*Data for this task:*
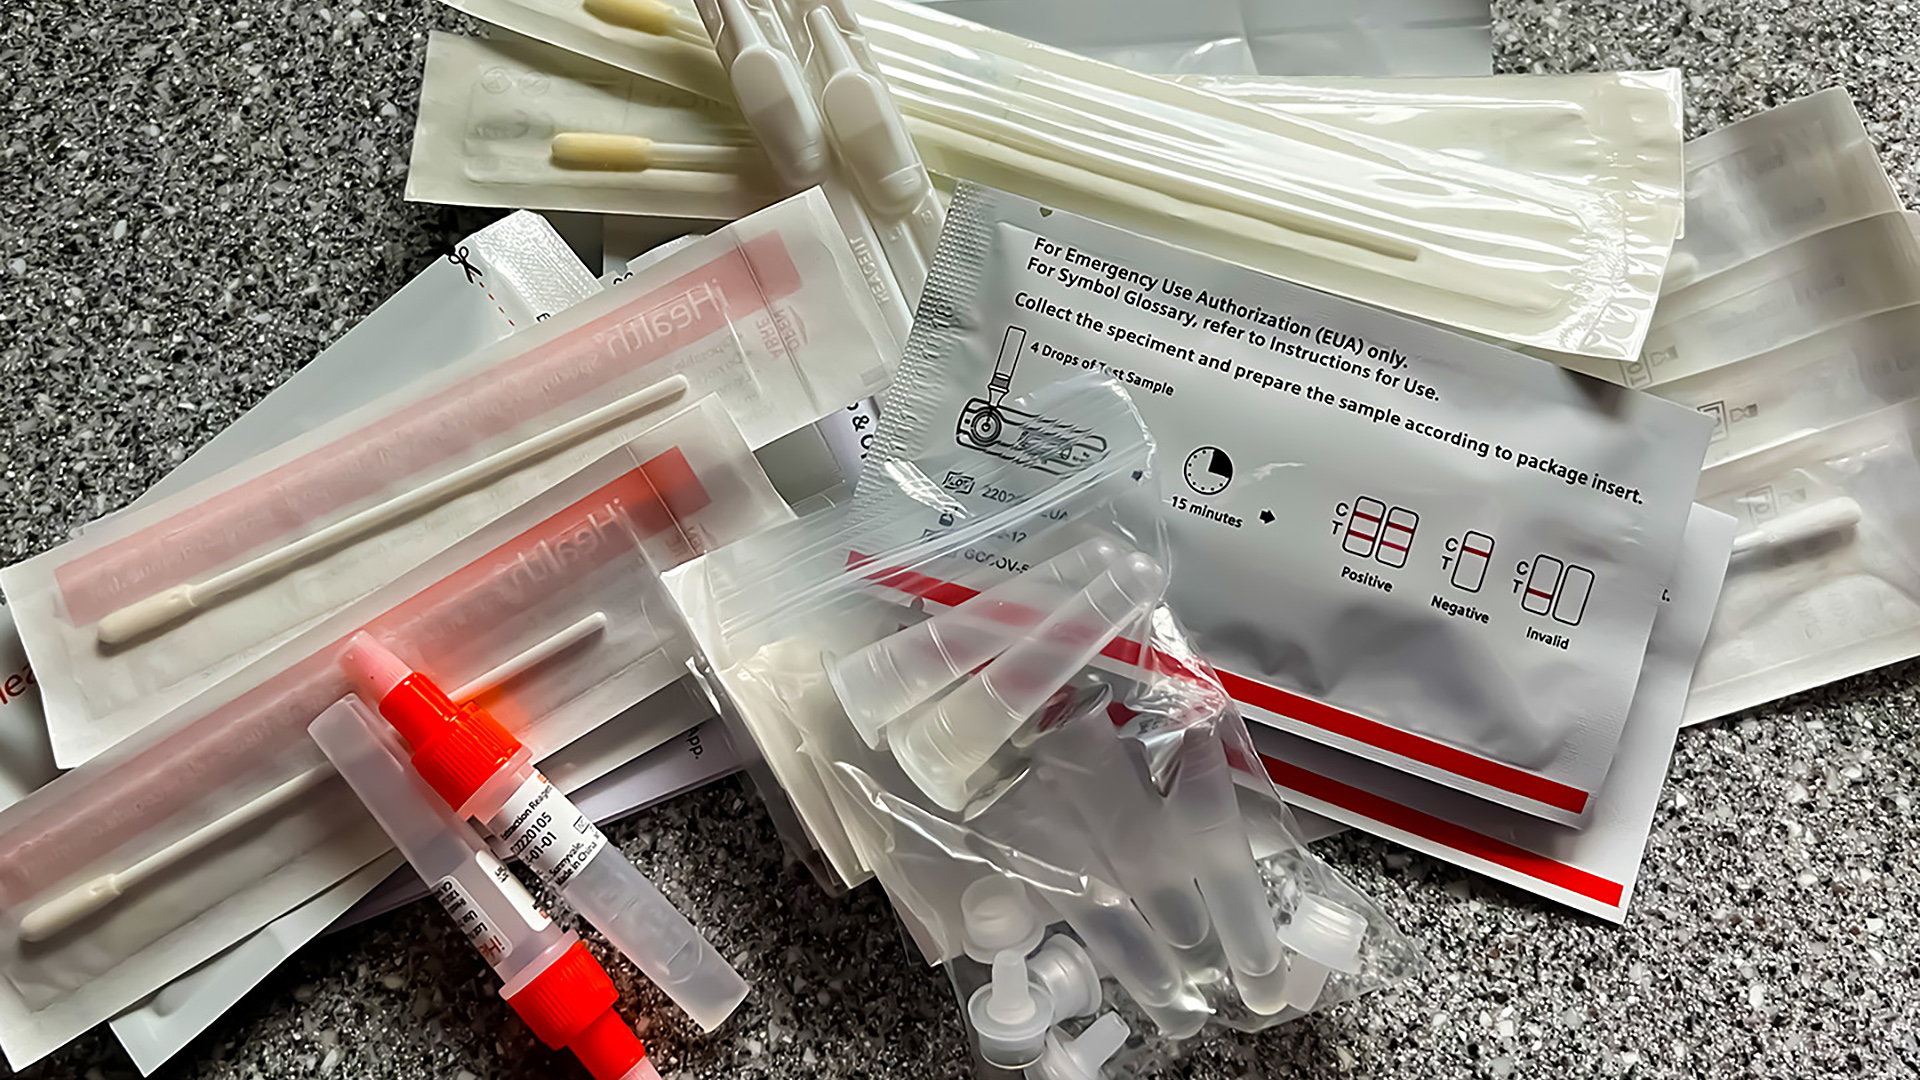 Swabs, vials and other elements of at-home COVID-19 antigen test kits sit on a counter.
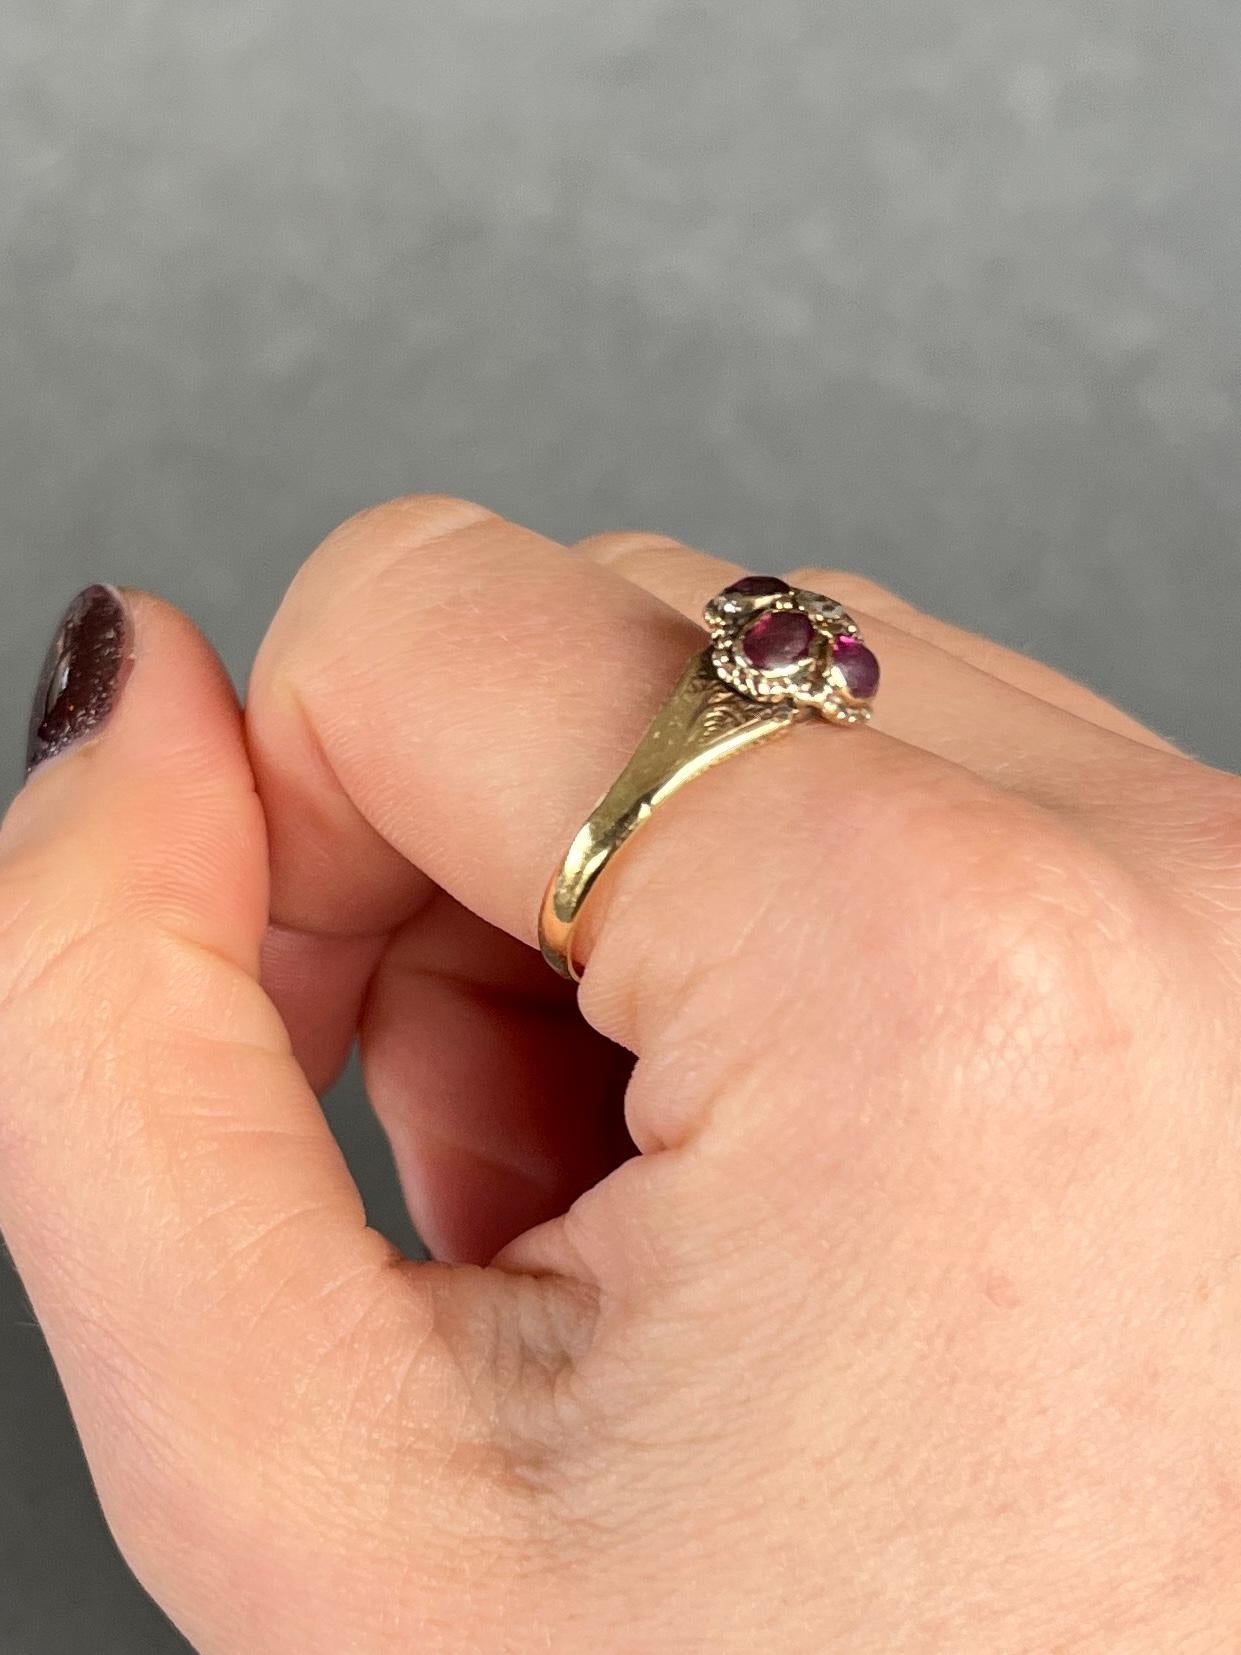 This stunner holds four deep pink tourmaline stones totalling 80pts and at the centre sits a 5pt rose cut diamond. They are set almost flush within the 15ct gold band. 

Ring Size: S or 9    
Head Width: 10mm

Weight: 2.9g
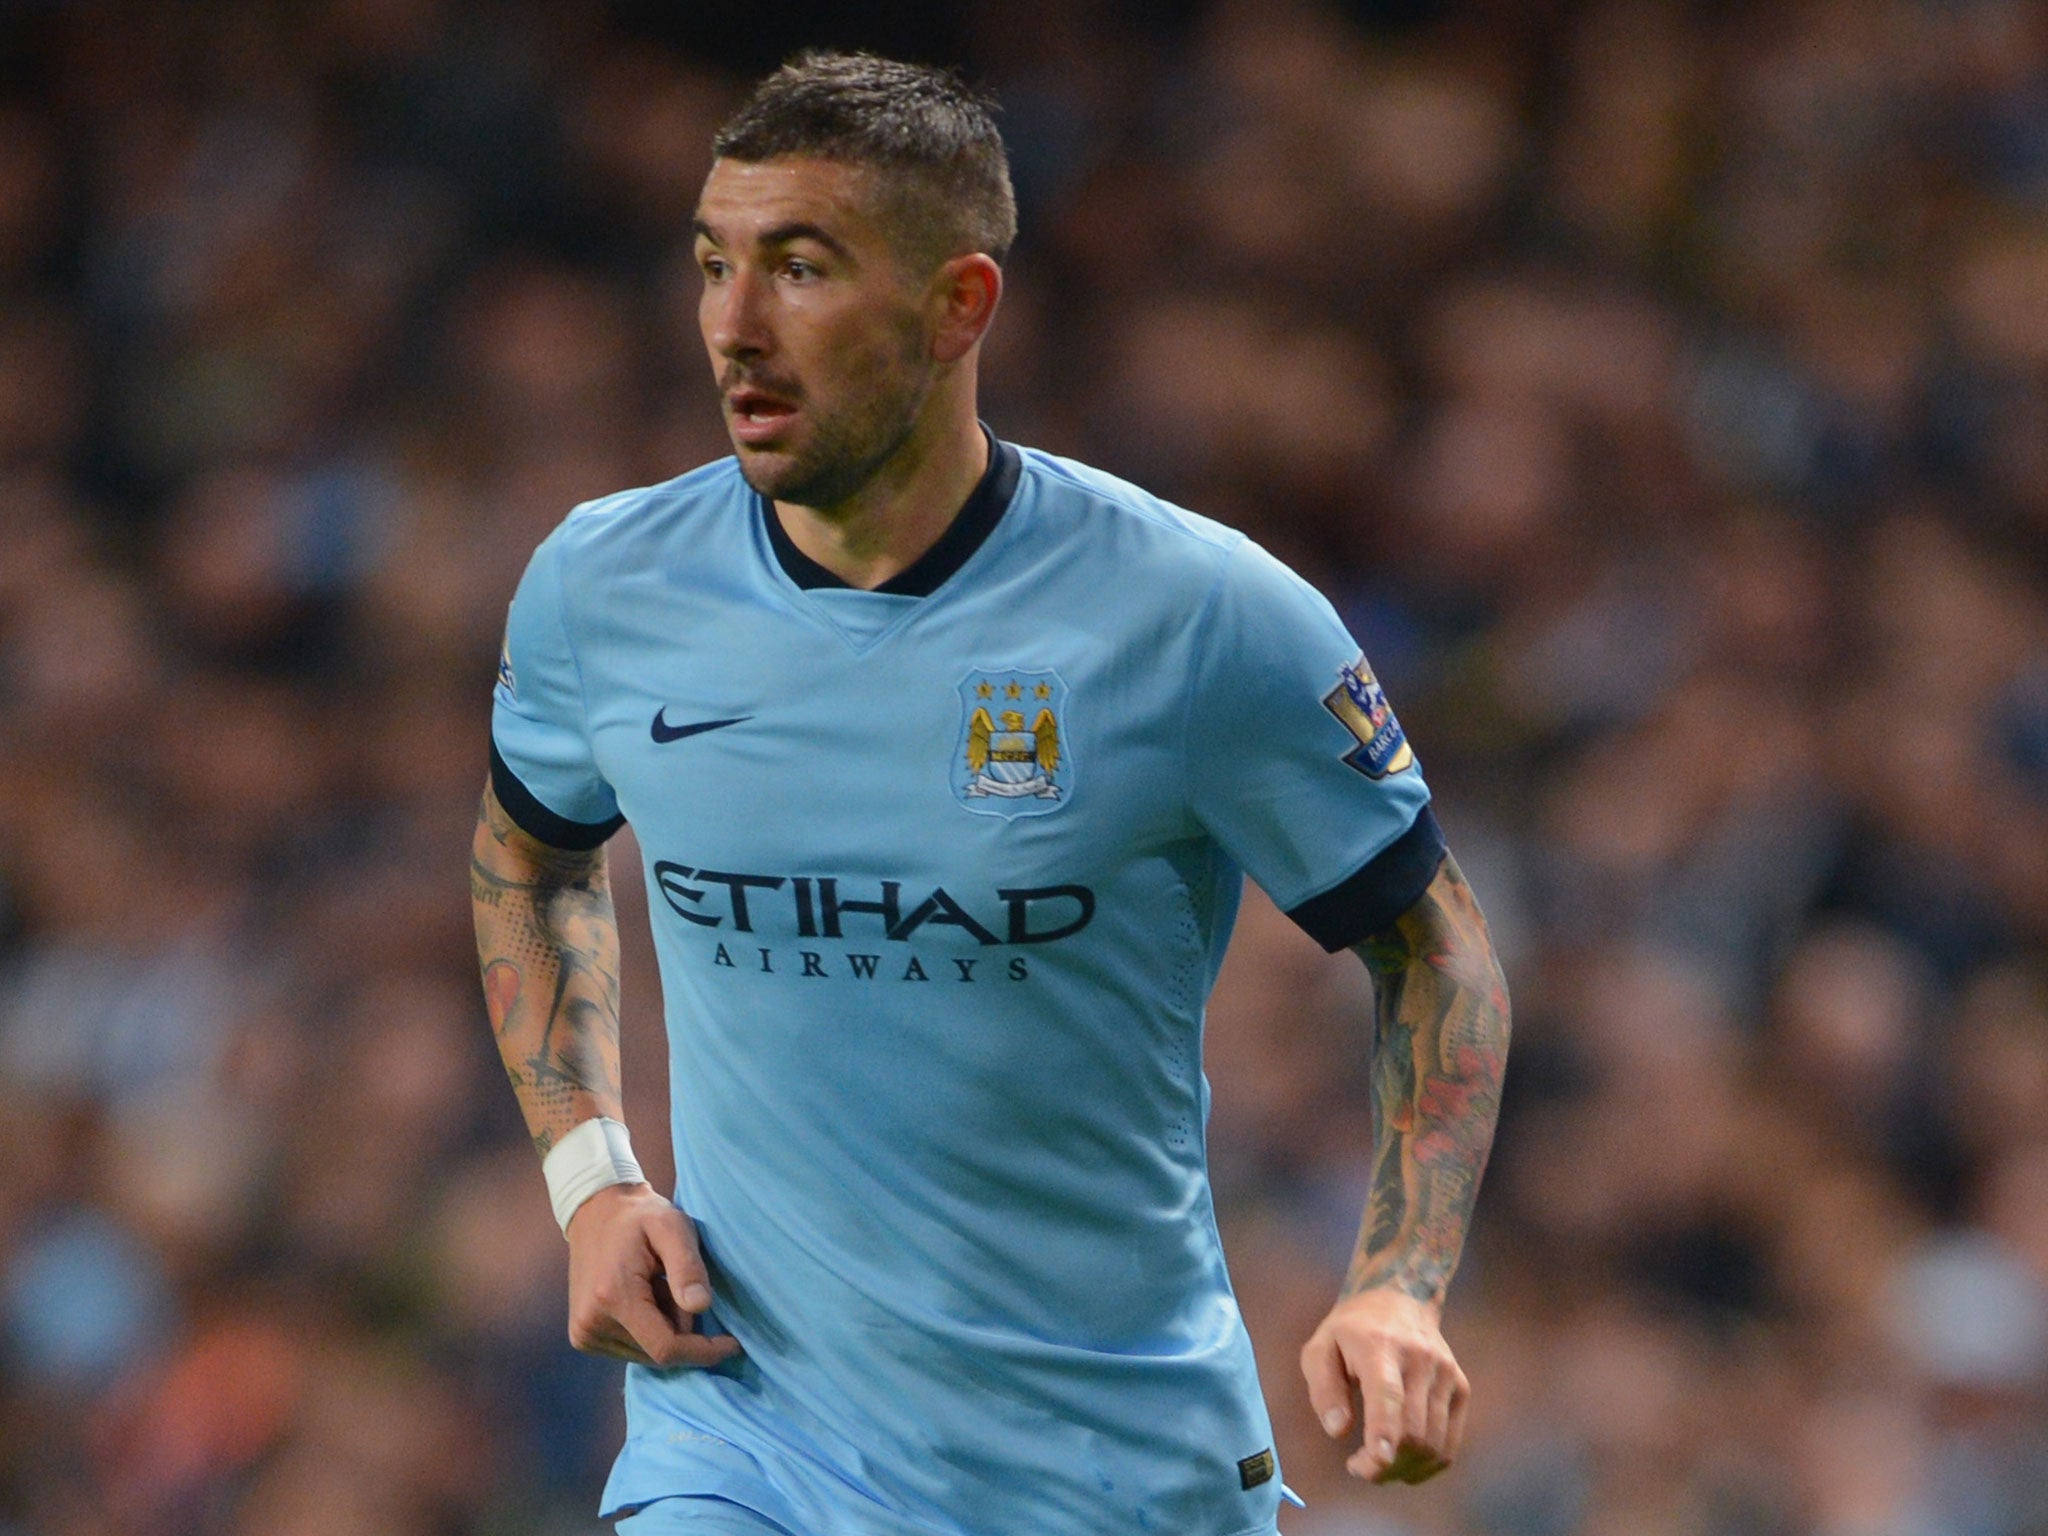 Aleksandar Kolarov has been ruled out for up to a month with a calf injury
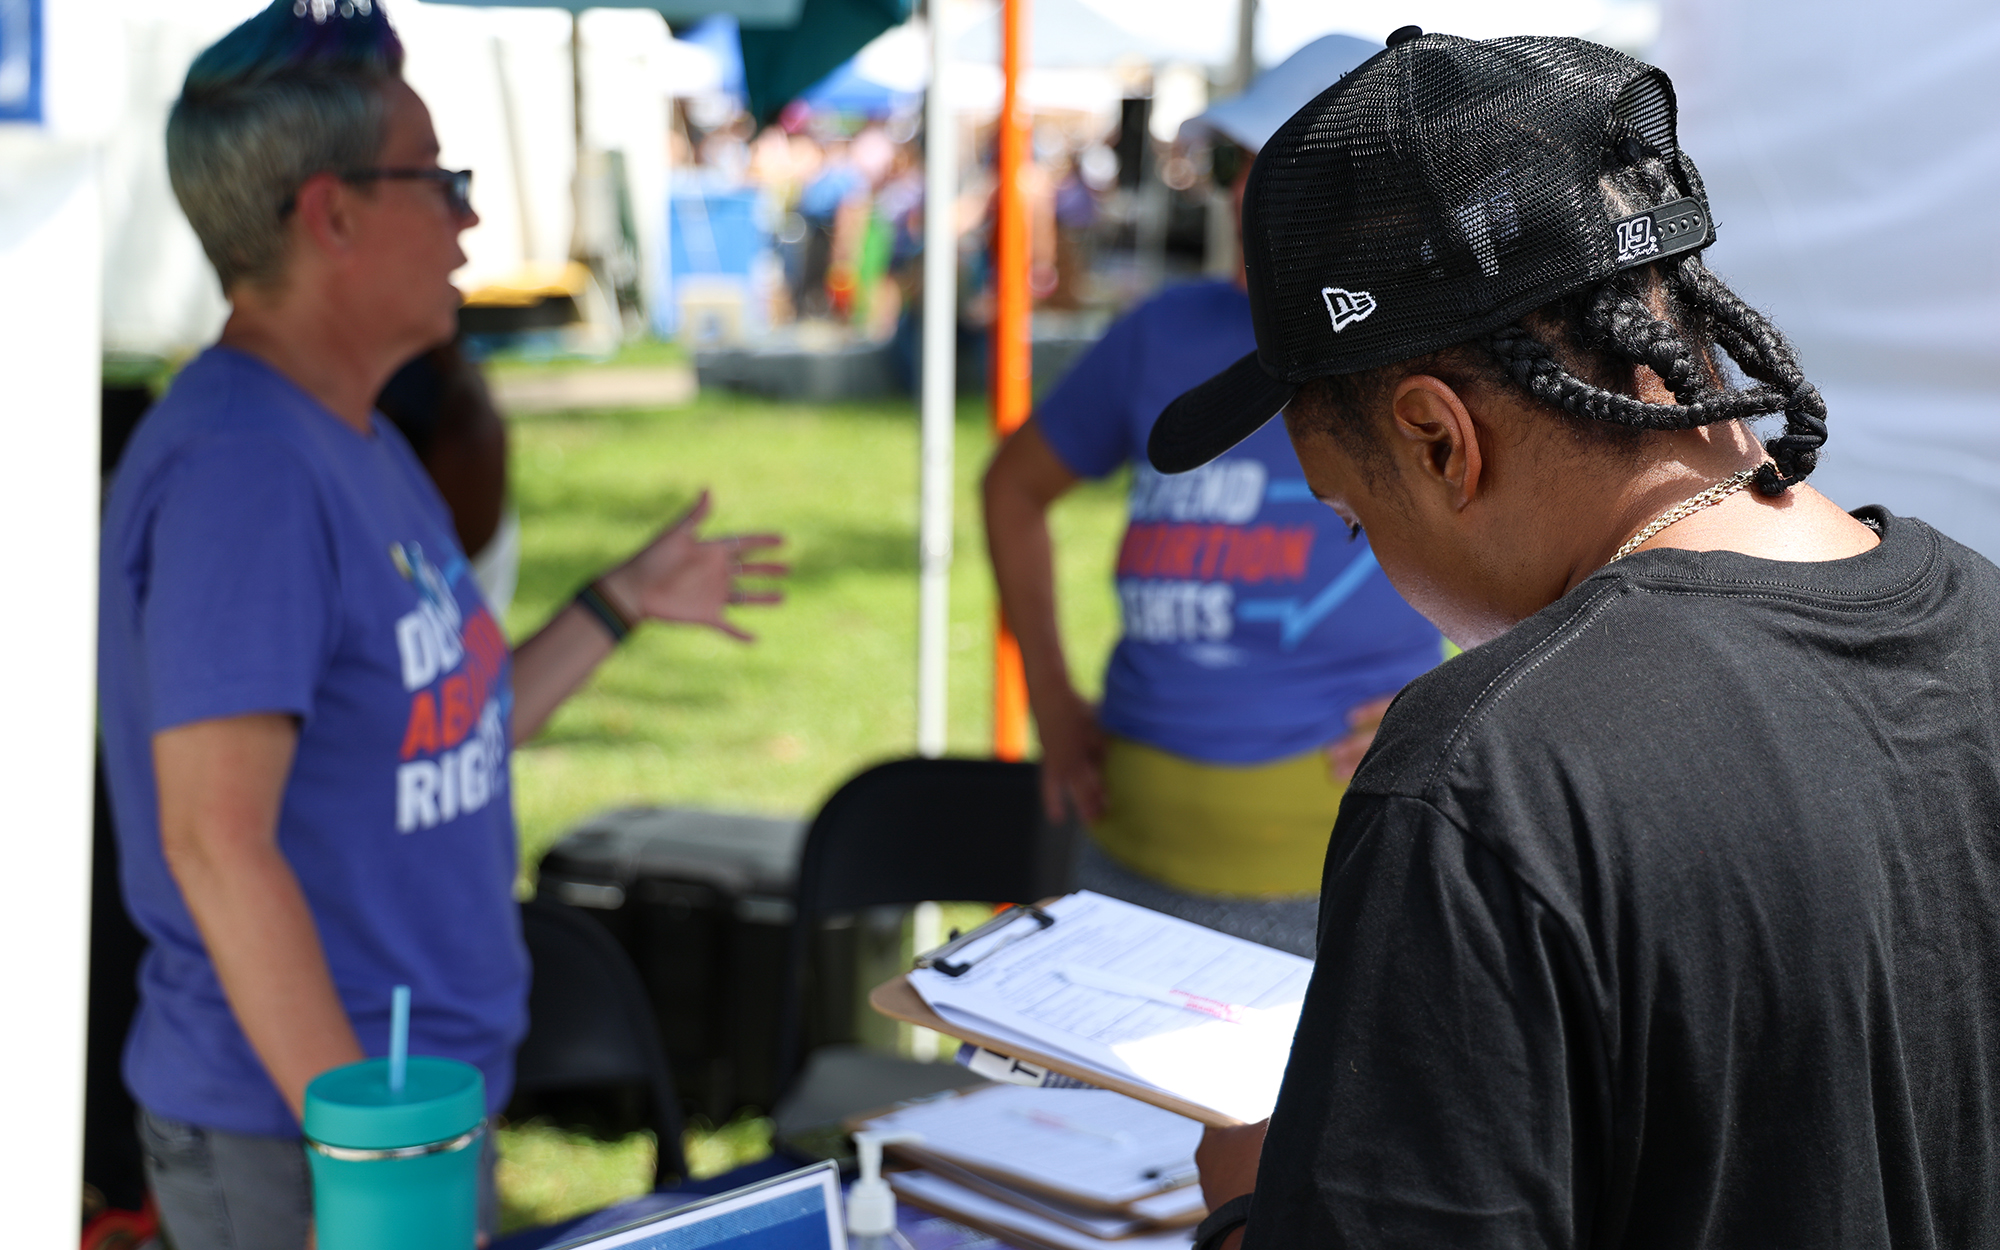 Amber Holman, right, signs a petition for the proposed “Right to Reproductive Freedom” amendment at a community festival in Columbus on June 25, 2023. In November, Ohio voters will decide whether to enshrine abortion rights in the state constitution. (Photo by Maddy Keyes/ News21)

*What this task involves:* With the pictures set aside, please write out all of the records above exactly.

*Output for this exercise:*
 Swabs, vials and other elements of at-home COVID-19 antigen test kits sit on a counter.
 This stunner holds four deep pink tourmaline stones totalling 80pts and at the centre sits a 5pt rose cut diamond. They are set almost flush within the 15ct gold band. 

Ring Size: S or 9    
Head Width: 10mm

Weight: 2.9g
 Aleksandar Kolarov has been ruled out for up to a month with a calf injury
 Amber Holman, right, signs a petition for the proposed “Right to Reproductive Freedom” amendment at a community festival in Columbus on June 25, 2023. In November, Ohio voters will decide whether to enshrine abortion rights in the state constitution. (Photo by Maddy Keyes/ News21)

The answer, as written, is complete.